1. YAZARLAR

  2. Haksöz

  3. Umut Operasyonunda Amerika (CIA) Gölgesi

Umut Operasyonunda Amerika (CIA) Gölgesi

Ekim 2001A+A-

Umut Davası'nda mahkeme başkanının bir önceki duruşmada savcı ve avukatlardan mütalaa ve savunmalarını istemesiyle davada sona yaklaşıldığı görülmektedir. Nitekim 7 Eylül günlü duruşmanın öğleden önceki bölümünde müdahil avukatlar davaya ilişkin görüşlerini beyan ettiler. Bu bölümde ilk konuşmayı Uğur Mumcu'nun kardeşi avukat Ceyhan Mumcu yaptı. Baştan sona konuşmasını internet sayfalarından aldığı mesnetsiz ifadelere dayandıran Mumcu davaya ilişkin olarak; ağabeyi Uğur Mumcu'nun öldürülmesi ardından çeşitli vesilelerle tv ve gazetelerdeki beyanatlarından tamamen vazgeçmiş/vazgeçirilmiş görüntüsü sergiledi. Daha sonra konuşan avukat ise Atatürkçü düşünce derneği üyesiydi.

Müdahil avukatlar olarak son konuşmayı Turgut Kazan yaptı. Konuşmasını dört bölüme ayırarak sunan Kazan, 'Tetiği Çekenler' ve 'Örgüt yapısı' olarak ayırdığı ilk iki bölümde özetle şunları söyledi: "Bu tür davalar bir sır içinde devam ediyor. Birileri bir şeyleri sürekli saklıyor. Dolayısıyla elimiz kolumuz bağlı kalıyor.
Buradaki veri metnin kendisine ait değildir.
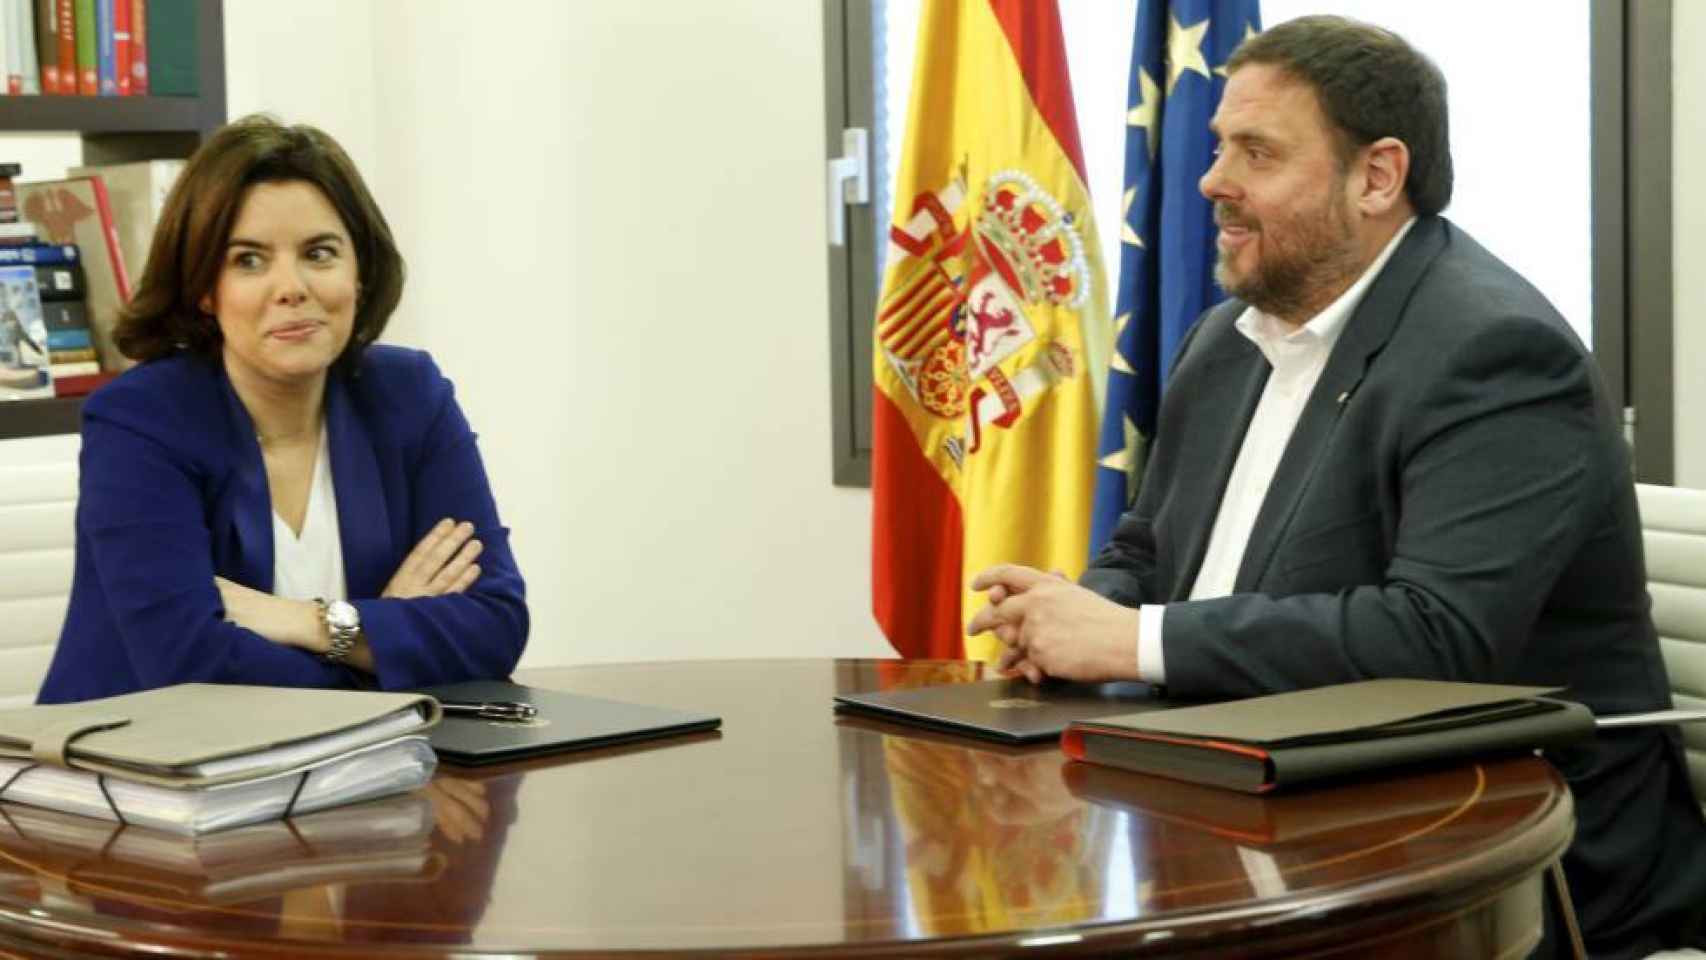 La vicepresidenta del Gobierna, Soraya Sáenz de Santamaría, en un encuentro con el encarcelado Oriol Junqueras.
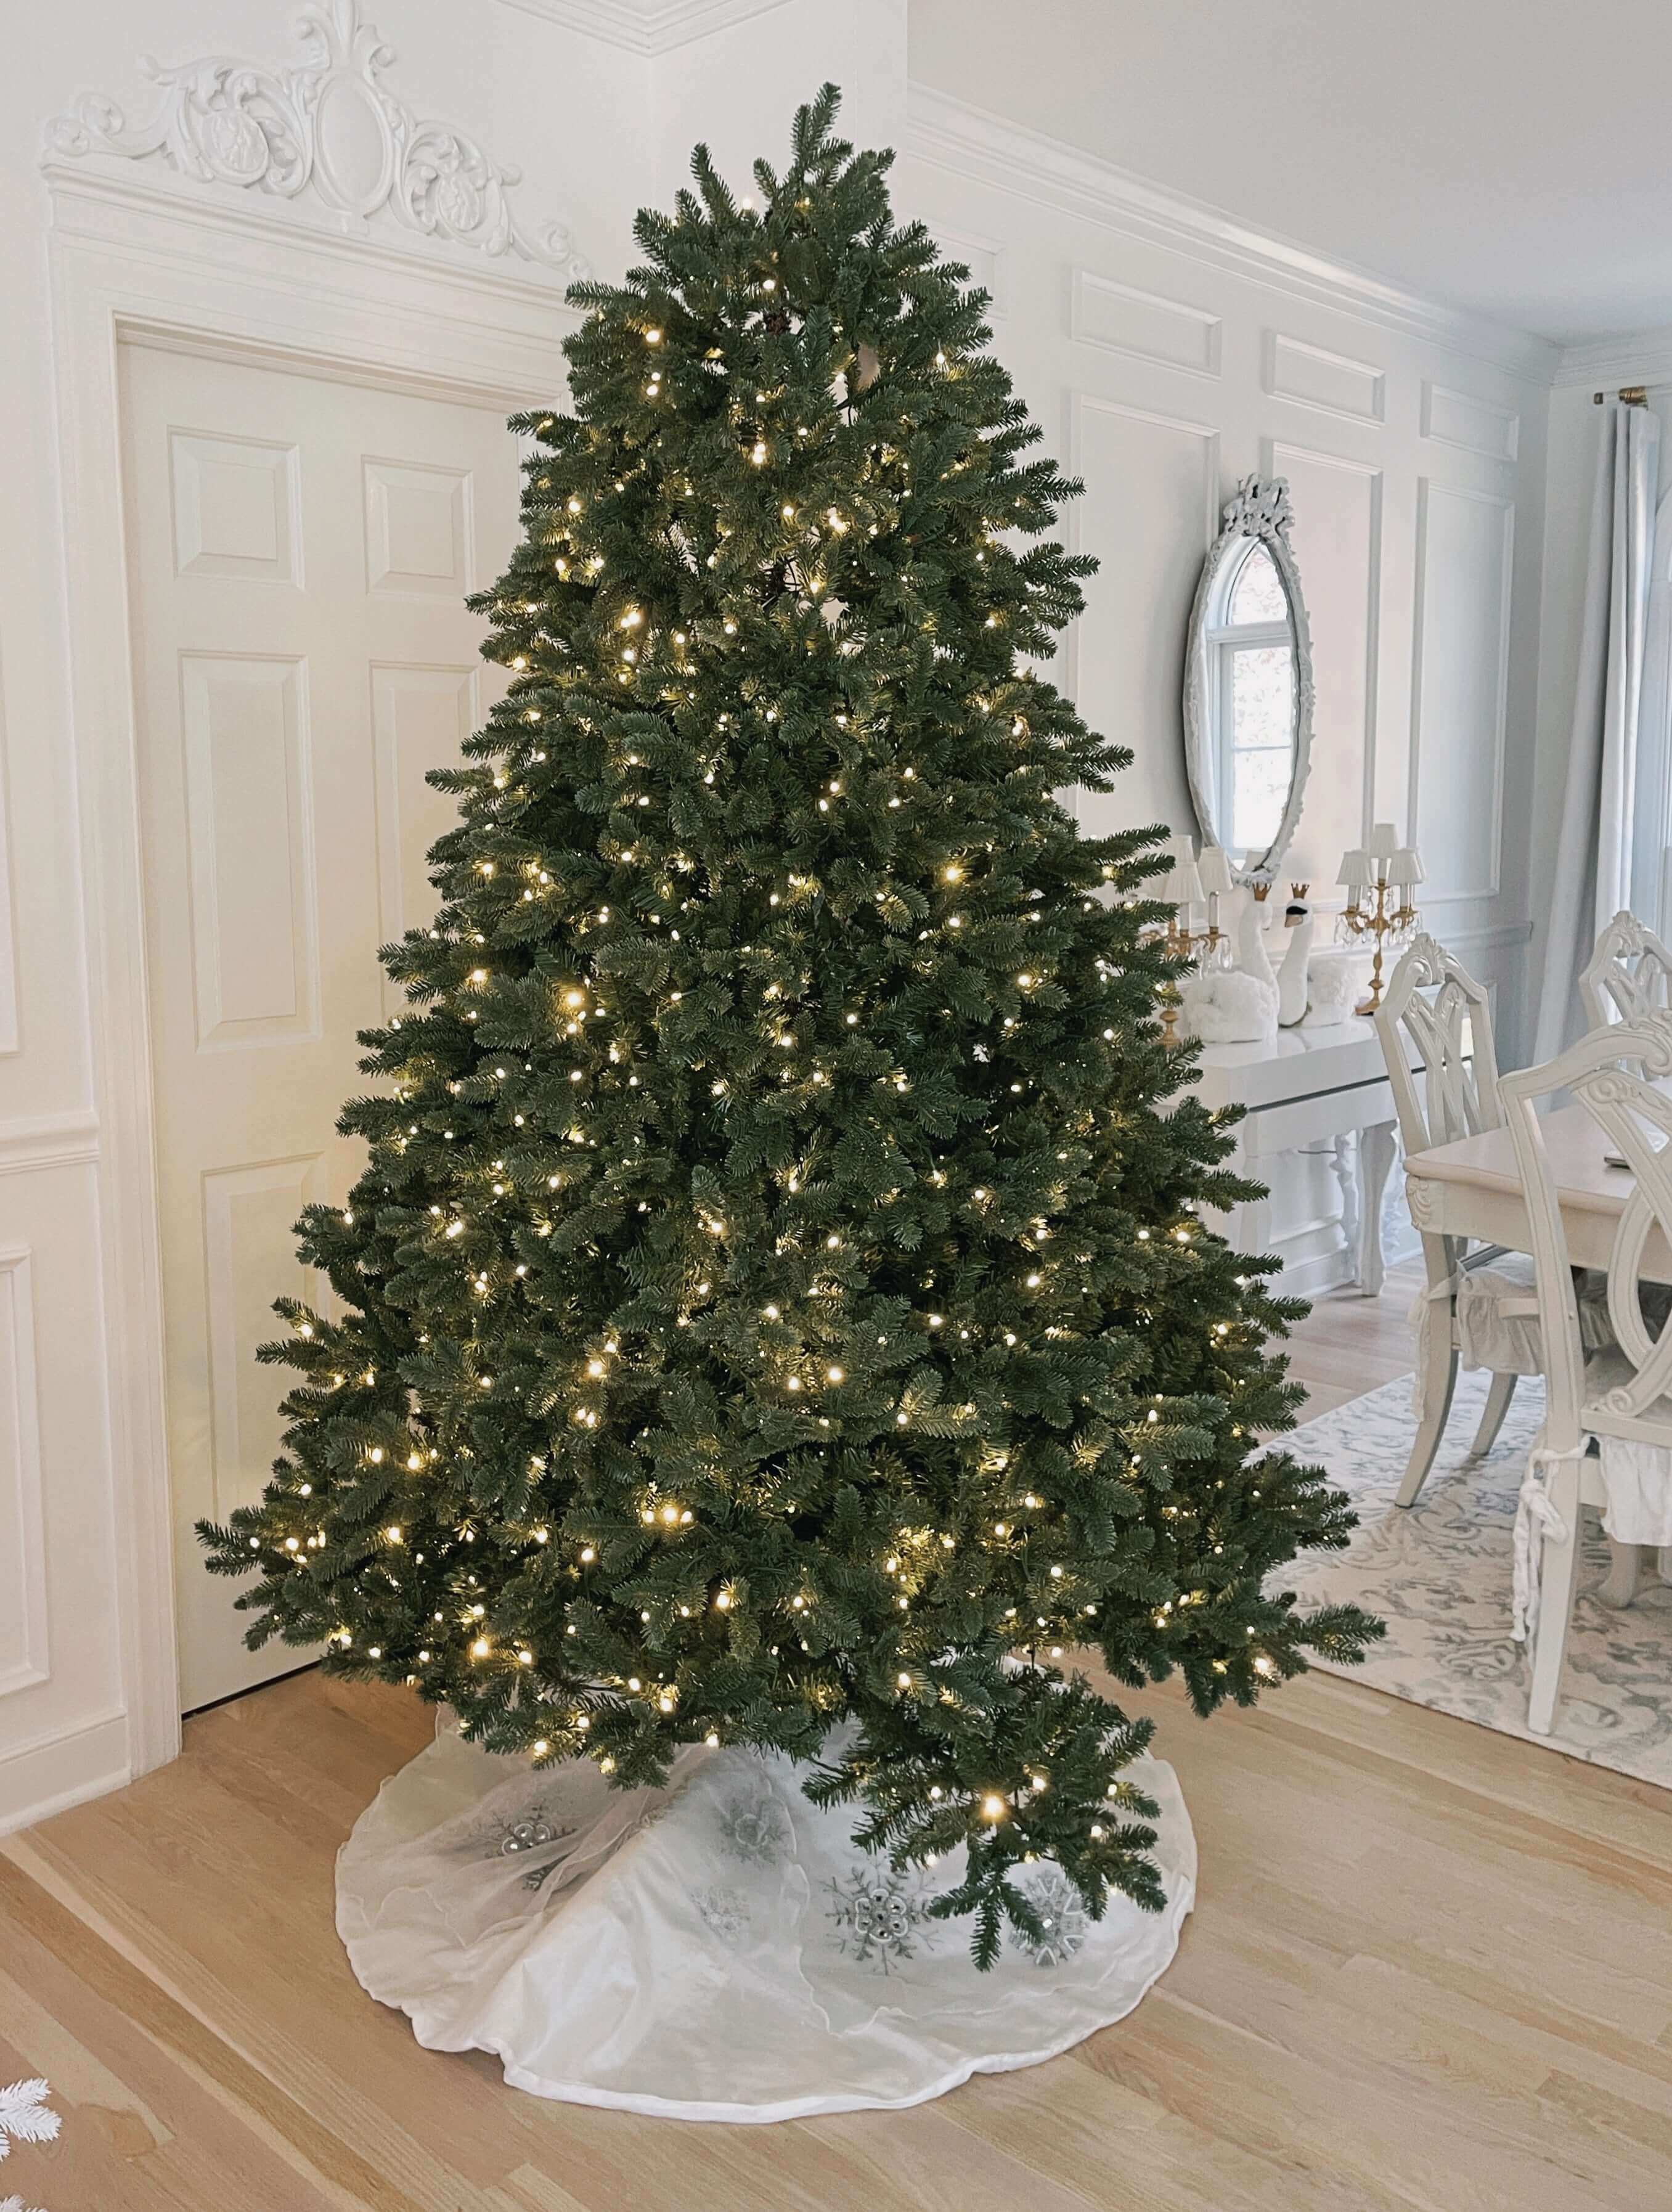 King of Christmas 9' Aspen Fir Quick-Shape Tree Unlit

Daha önce Uğur Mumcu'nun katil zanlısı olarak yakalanan Abdullah Argun Çetin, kendisinin Amerikan istihbaratının talimatıyla çalıştığını, gündemi değiştirmek için bu işi üstlendiğini söylüyor... Bu iddialarına ilişkin bu güne kadar kayda değer herhangi bir gelişme göremiyoruz. Peki, bu adam kim ve niçin görevlendirildi? Birileri kararı verenleri saklıyor!"

Turgut Kazan sanıkların ifadelerine atıflar yaparak sürdürdüğü konuşmasını, Abdullah Argun Çetin için suç duyurusunda bulunarak tamamladı.

Duruşmanın öğleden sonraki oturumu savcı Keleş'in mütalaasını okumasıyla başladı. Keleş özetleyerek verdiği mütalaasının ilk bölümlerinde sanıkların polisçe alınan ifadelerinden kesitler aktararak iddialarını delillendirmeye çalıştı.

Yasadışı 'Kudüs Ordusu' üyeleri olarak suçladığı sanıkların Türkiye'deki faaliyetlerini, kültürel yönden Hasan Kılıç; askeri yönden ise Ferhan Özmen, Hakkı Selçuk Şanlı, Necdet Yüksel, Rüştü Aytufan'ın oluşturduğunu iddia eden savcı Keleş, sanıklar hakkında 'silahlı çete' niteliğinde 'terör örgütü' suçlamasıyla cezalandırılmalarını istedi.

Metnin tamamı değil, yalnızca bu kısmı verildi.